How many of the 1024 integers in the set (1024, 1025, 1026, . . . , 2047) have more 1’s than 0’s in their binary representation?

Question

How many of the 1024 integers in the set {1024, 1025, 1026, . . . , 2047} have more 1’s than 0’s in their binary representation?

Answer 1

These numbers are of the form $n = 1XXXXXXXXXX$, where $X$ can either be a $0$ or a $1$. So, the equivalent question here is, how many $10$-digit binary numbers have at least as many $1$'s as $0$'s? If and only if this is the case, the the number $n$ will have more $1$'s than $0$'s.

Let's split this into two cases: 1) how many $10$-digit binary numbers have as many ones as zeroes? and 2) how many $10$-digit binary numbers have more ones than zeroes?
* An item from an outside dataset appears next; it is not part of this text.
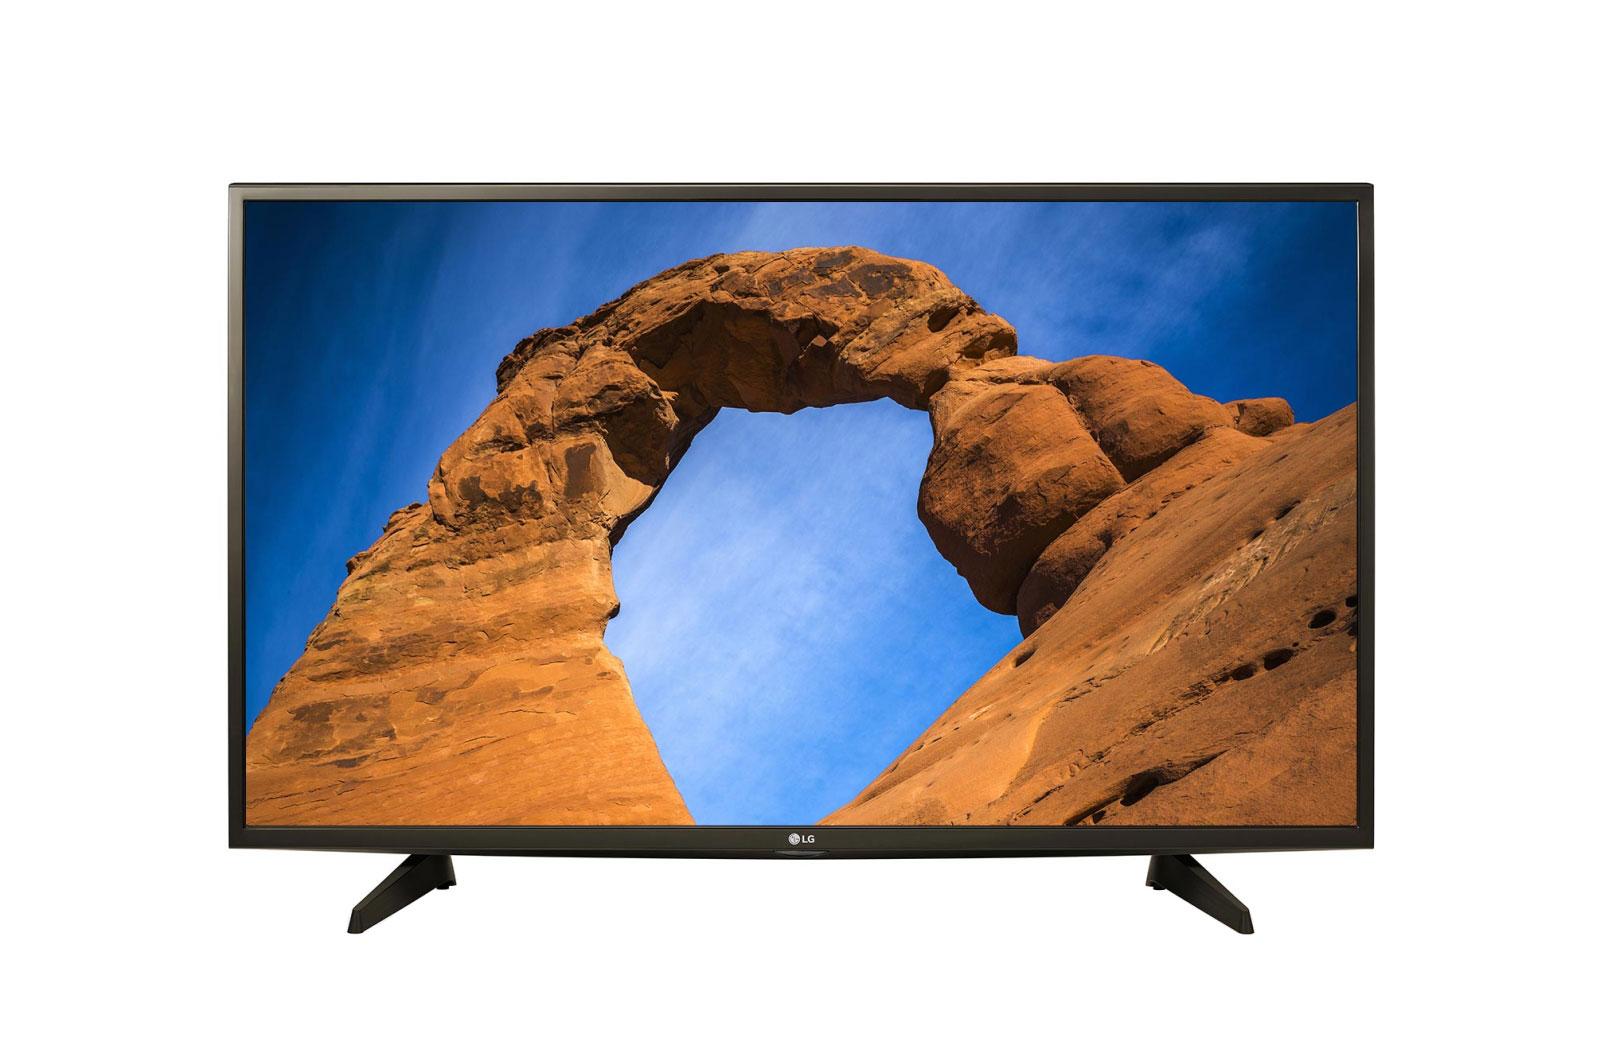 LG 43 Inch Full HD LED TV - 43LK5100PVB

1. We must have $5$ zeroes and $5$ ones, so there are ${10 \choose 5} = 252$ ways to organize them in distinct orders.
2. There are $1024$ ten-digit binary numbers, and since there are $252$ numbers with equal number of zeroes and ones, there must be $1024-252=772$ numbers with a non-equal number of zeroes and ones. But wait... would it make sense if there were more numbers with more zeroes than ones than the other way around? No! So by symmetry, we conclude that there must be $772/2 = 386$ numbers with more ones than zeroes.

Adding these two cases together, we have $252 + 386 = 638$ numbers in this range that have more ones than zeroes.